The hereditary monarchy passed, so far as we can see, from the mother-cities to the oldest colonies only, i. e. the cities in Cyprus. In the other colonies the chief officers were magistrates, usually two in number.[496] They were called Sufetes, i. e. judges. In Carthage these two yearly officers, in whose hands lay the supreme administration of justice, and the executive, formed with 30 elders the governing body of the city. It seems that these 30 men were the representatives of as many original combinations of families into which the old houses of the city were incorporated. The connection of the colonies and mother-cities, both in general and more especially where the colony could dispense with the protection of the mother-city, were far more mercantile and religious than political. The colonies worshipped the deities of the mother-cities, and gave them a share in their booty. We also find that descendants of priests who had emigrated from the mother-city stood at the head of the temples of the colonies. In Carthage, where the priests of Melkarth wore the purple robe, the office was hereditary in the family of Bithyas, who is said to have left Tyre with Elissa.[497]

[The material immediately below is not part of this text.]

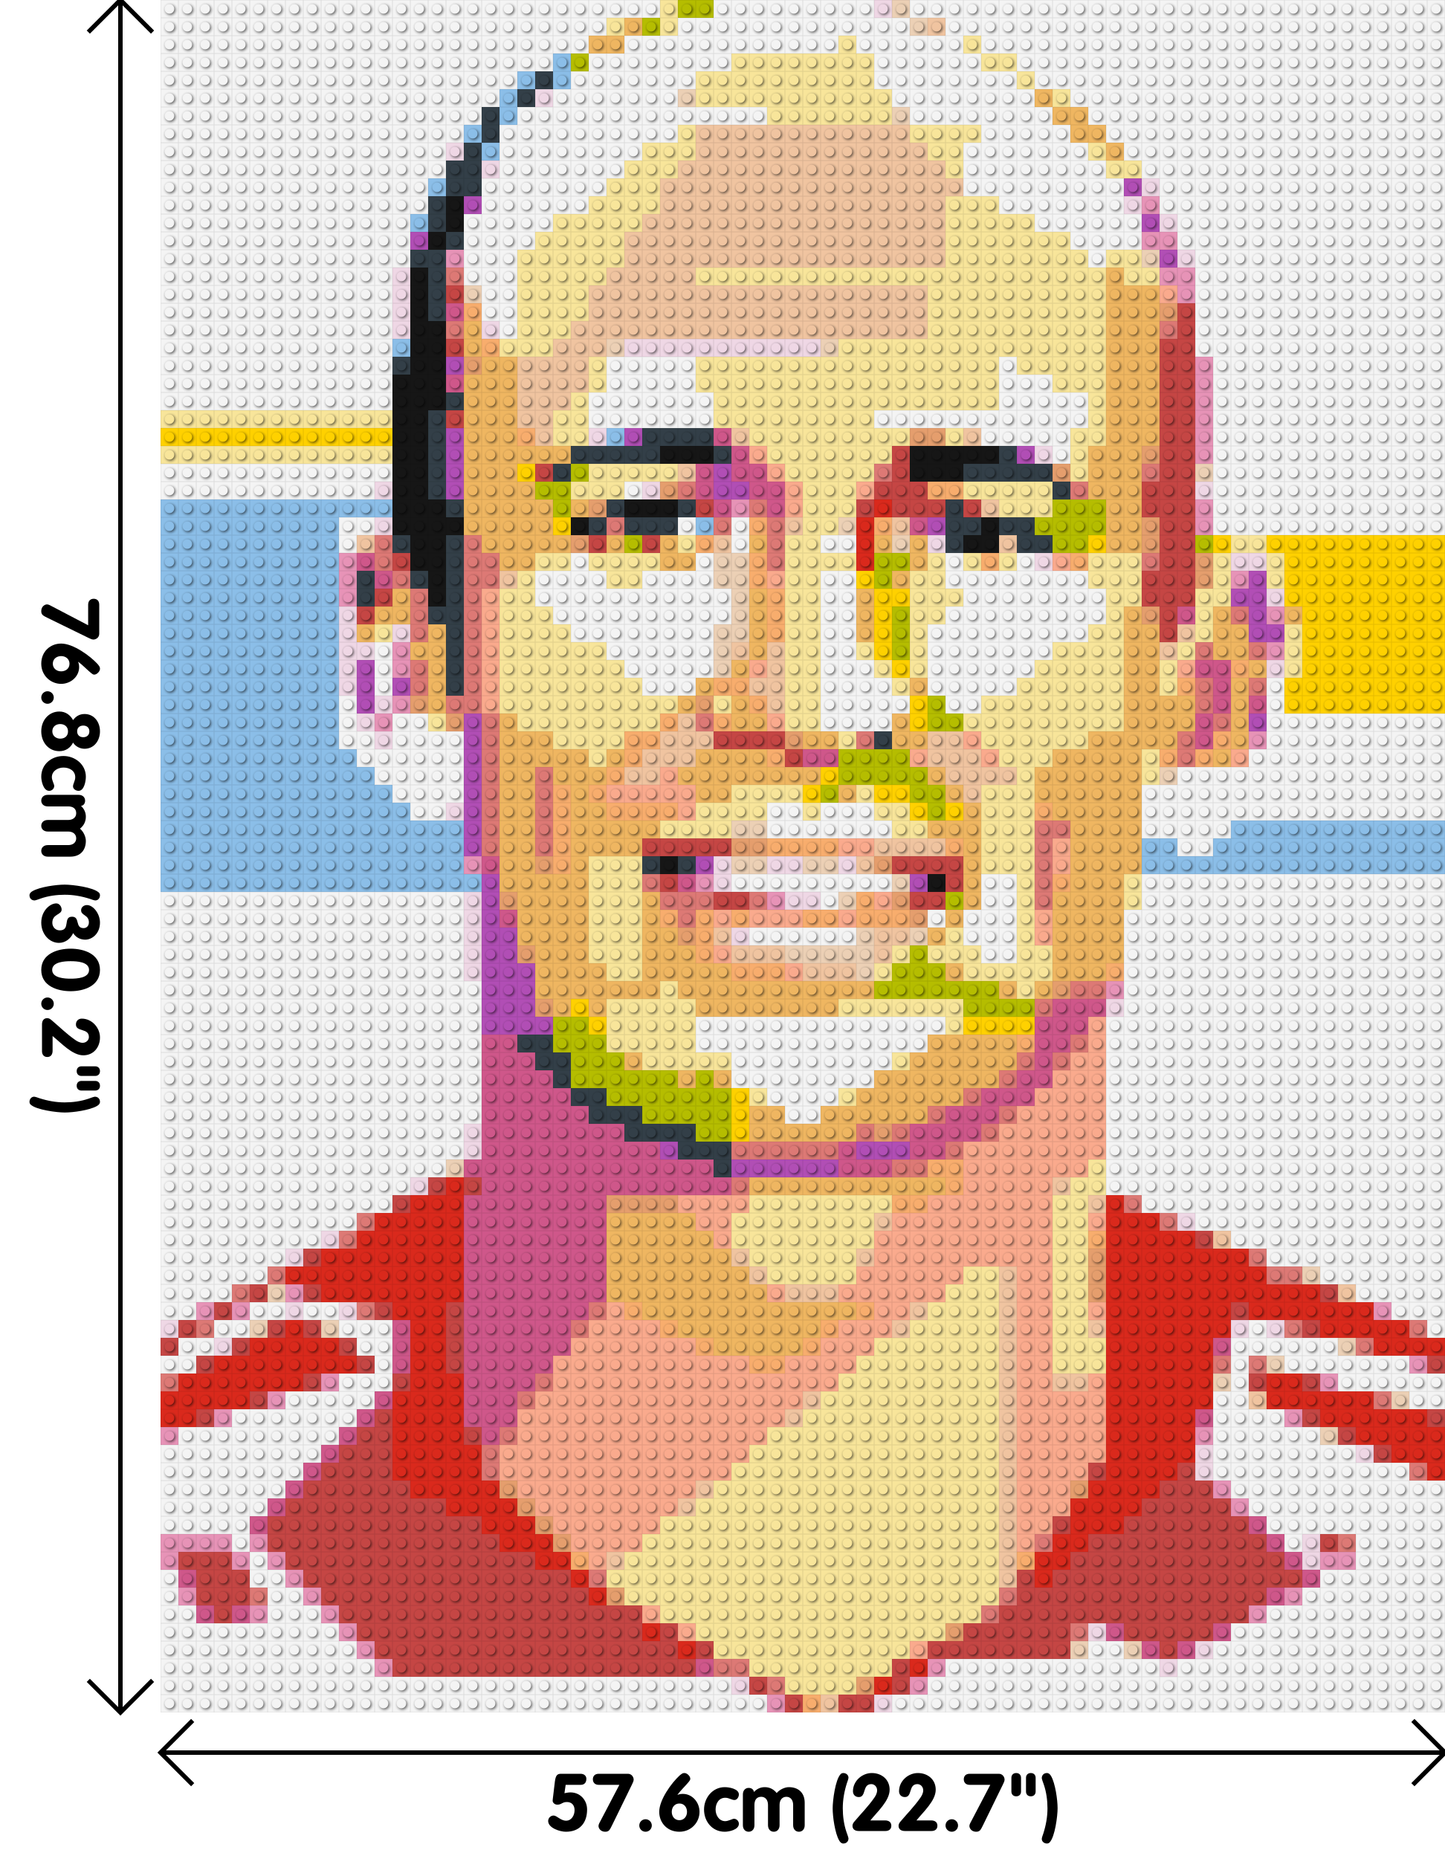 Arjen Robben - Brick Art Mosaic Kit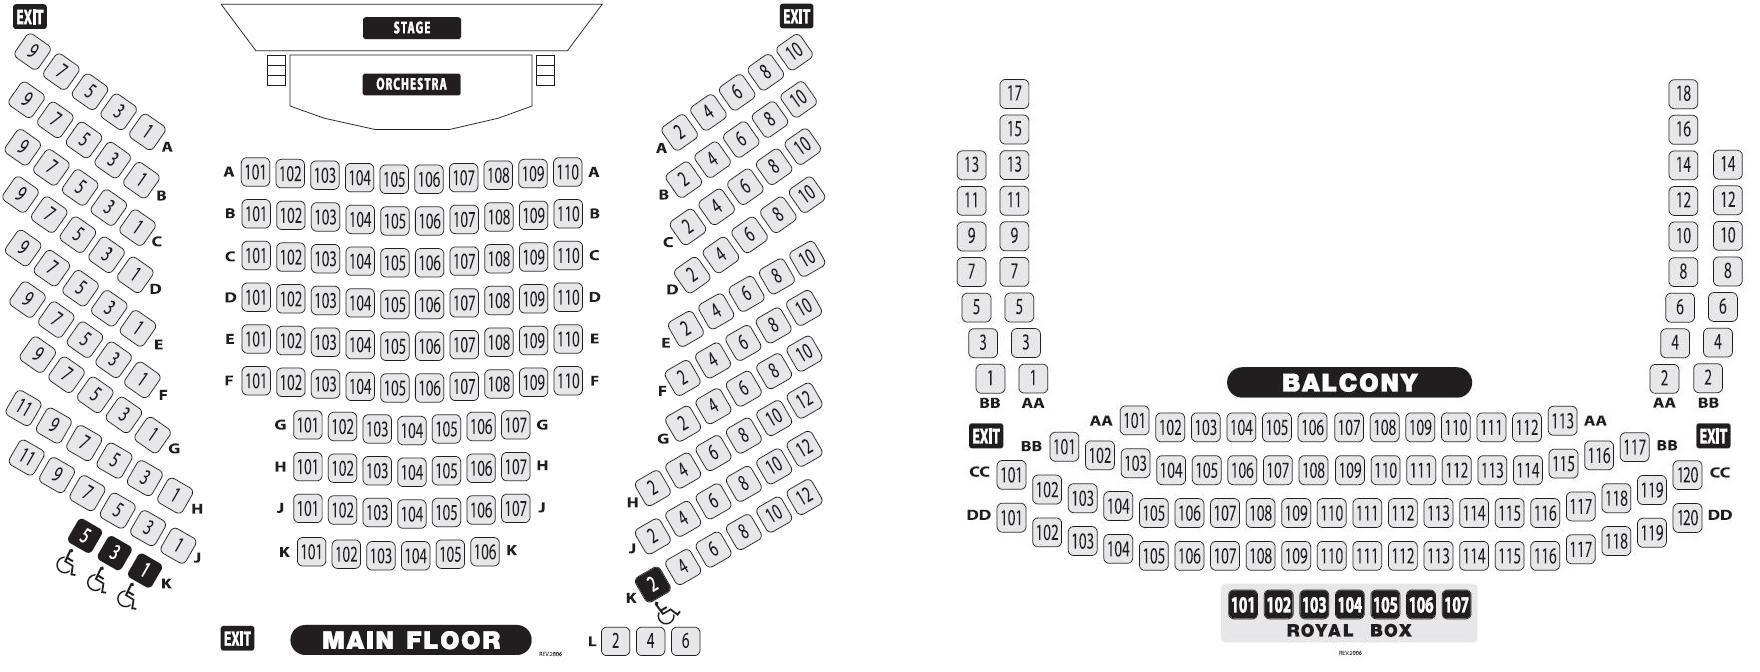 Qpac Seating Chart

We are acquainted with the gods of the Phenician cities, and the mode in which they worshipped them; with El and Baal-Samim, Baal-Melkarth and Baal-Moloch, Adonis, Astarte and Ashera, with the rites of continence and mutilation, of sensual excess and prostitution, of sacrifice and fire-festival, which were intended to win their favour and grace. We observed that the protecting deities of the separate states had even before the days of Hiram been united in the system of the seven great gods, the Cabiri, at whose head was placed an eighth, Esmun, the supreme deity. We saw that in this system special meanings were ascribed to them in reference to the protection of peace and law, of industry and navigation; and we cannot doubt that with the riches which accumulated in the walls of the cities, with the luxury of life which these riches permitted, the lascivious and sensual side of the worship must have increased and extended.

The life led by the kings of the old Phenician cities is described as rich and splendid. We have already assumed that the princes of the Phenician cities had a rich share in the returns of trade, and indeed the fact can be proved from the Hebrew Scriptures for Hiram, king of Tyre. Ezekiel tells us, "The king of Tyre sits like a god in the seat of God, in the midst of the seas; he dwells as in Eden, in the garden of God. Precious stones are the covering of his palaces: the ruby, the topaz, the diamond, the chrysolite, the onyx, and the jasper, the sapphire, the carbuncle, the emerald, and gold; the workmanship of his ring-cases he bears upon him."[498] "His garments," we are told in a song of the Hebrews, "smell of myrrh, aloes, and cassia; in ivory palaces the sound of harps gladdens him. At his right hand stands the queen in gold of Ophir, in a garment of wrought gold: on broidered carpets she shall be brought to him; the young maidens, her companions, follow her."[499]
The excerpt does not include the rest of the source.